I can try to enable the --diag:/home/runner/work/_temp/TestResults/logs/log.txt, but I am afraid that I am unable to download from GitHub (for instance, detailed logs cannot be donwloaded due to size - another bug on the GitHub platform) ..

Update: the --diag switch did not look like it provided any additional content.

nohwnd commented 1 day ago

you should be able to upload them as artifacts . I also had better luck clicking the cog wheel and selecting "see raw logs" which opens the whole giant log in browser, which takes some time to load it, but then searches it just fine.

your upload needs to be set to contine after previous step fails btw. (mine was not of course, so I don't have the logs yet)

gimlichael commented 1 day ago

you should be able to upload them as artifacts . I also had better luck clicking the cog wheel and selecting "see raw logs" which opens the whole giant log in browser, which takes some time to load it, but then searches it just fine.

your upload needs to be set to contine after previous step fails btw. (mine was not of course, so I don't have the logs yet)

I have tweaked it further, though I doubt it will make any changes, as I already put failfast; false (hence, everything is a success).
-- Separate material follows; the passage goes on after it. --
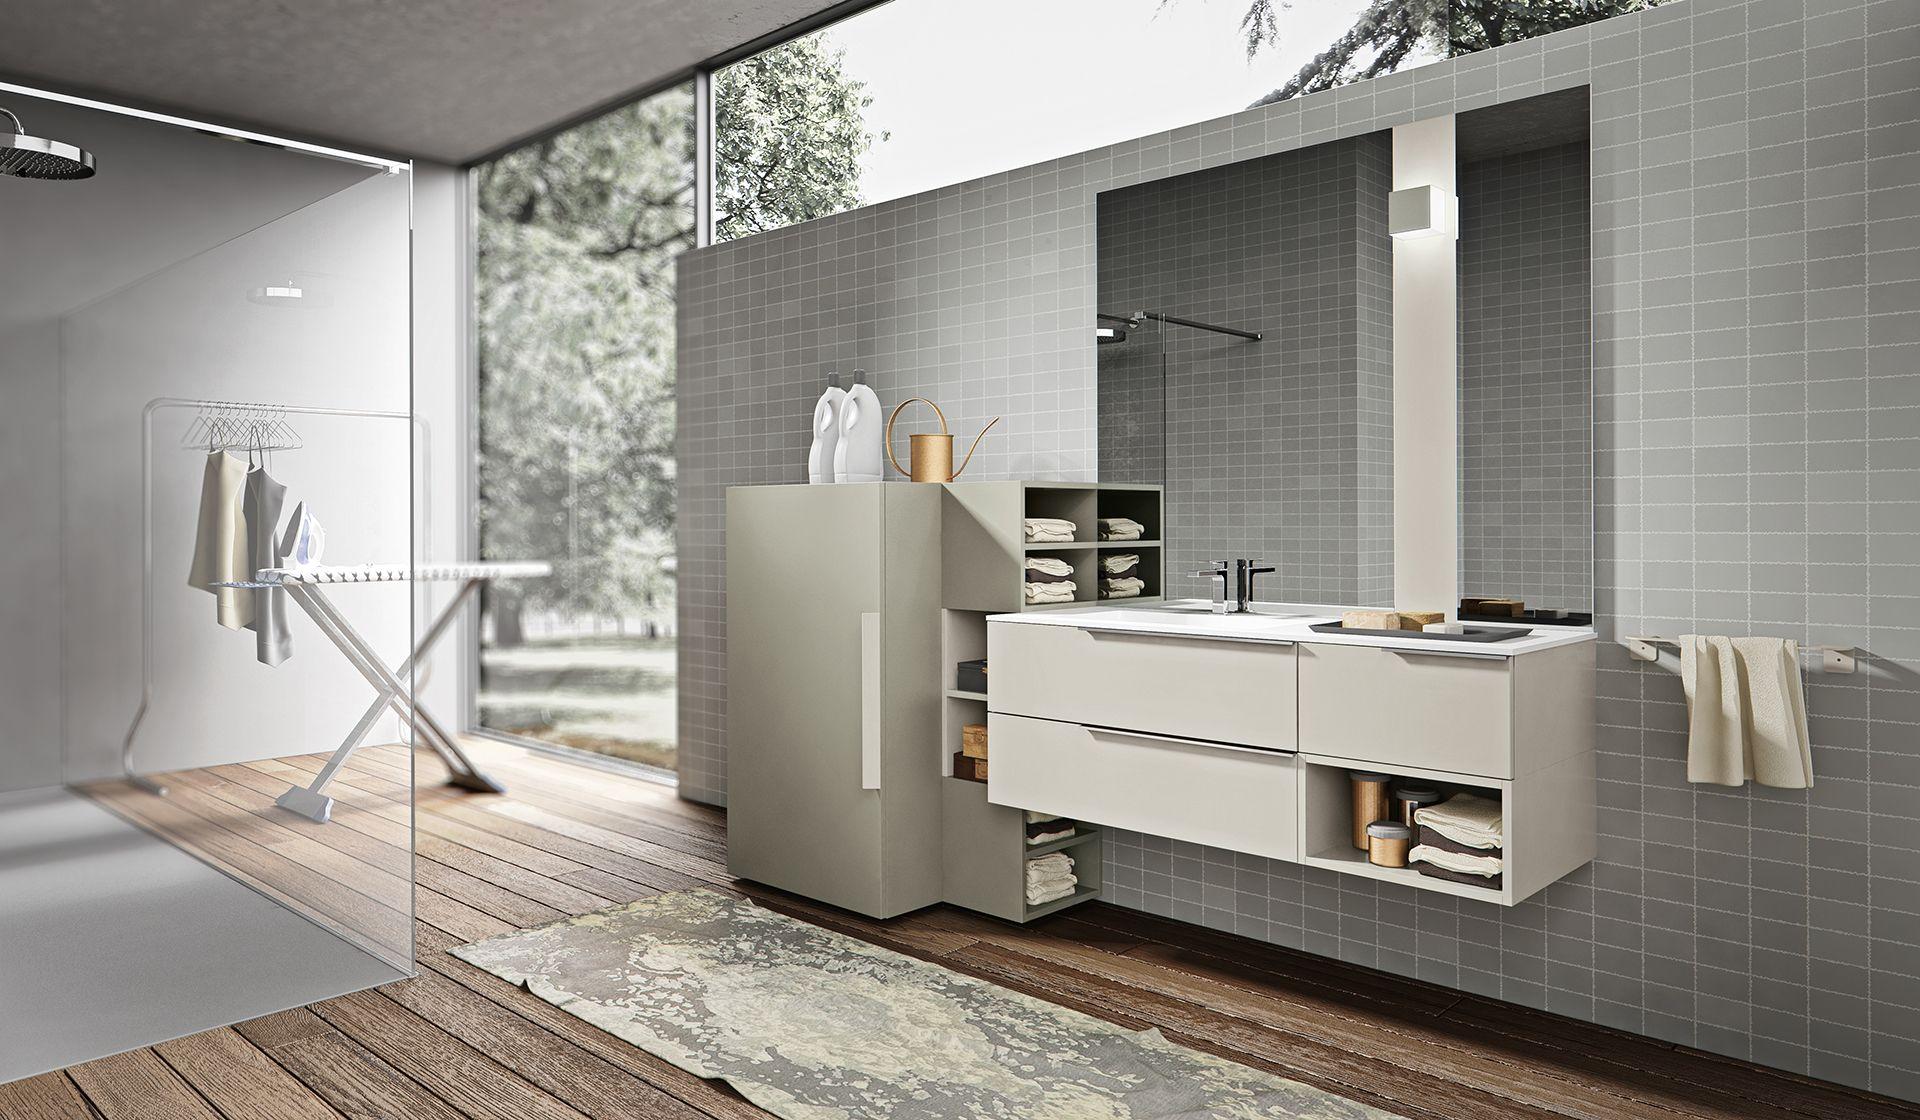 mobili arredo bagno moderni: giunone - agoràgroup - edoné design ... - Arredo Bagno Pozzuoli
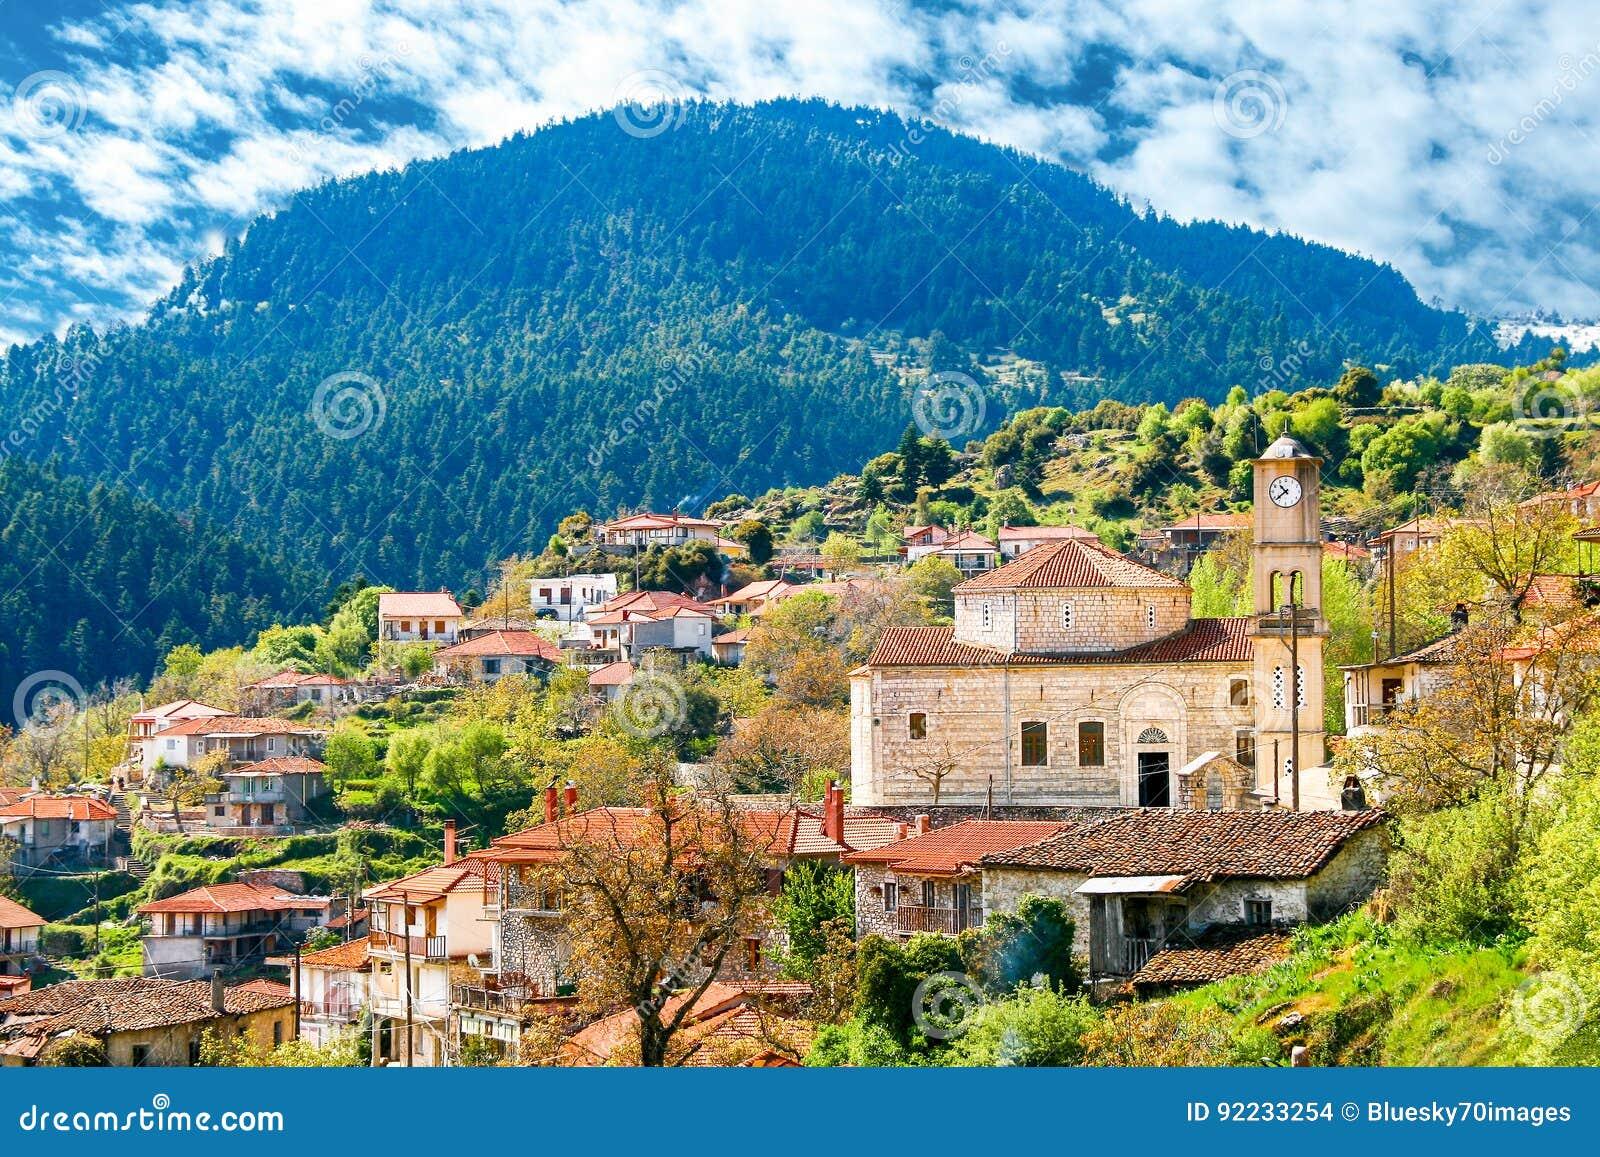 Valtessiniko village in Arcadia, Peloponnese, Greece

I will download the full log as suggested ans ZIP it.

job-logs.zip

gimlichael commented 1 day ago

After a little dicking around, it looks like I need to use always() as per https://docs.github.com/en/actions/writing-workflows/choosing-what-your-workflow-does/evaluate-expressions-in-workflows-and-actions#always .. I leave it here for others to be inspired by.

Here are the logs you requested: logs.zip

nohwnd commented 1 day ago

Thanks for the tip, I was struggling with that as well.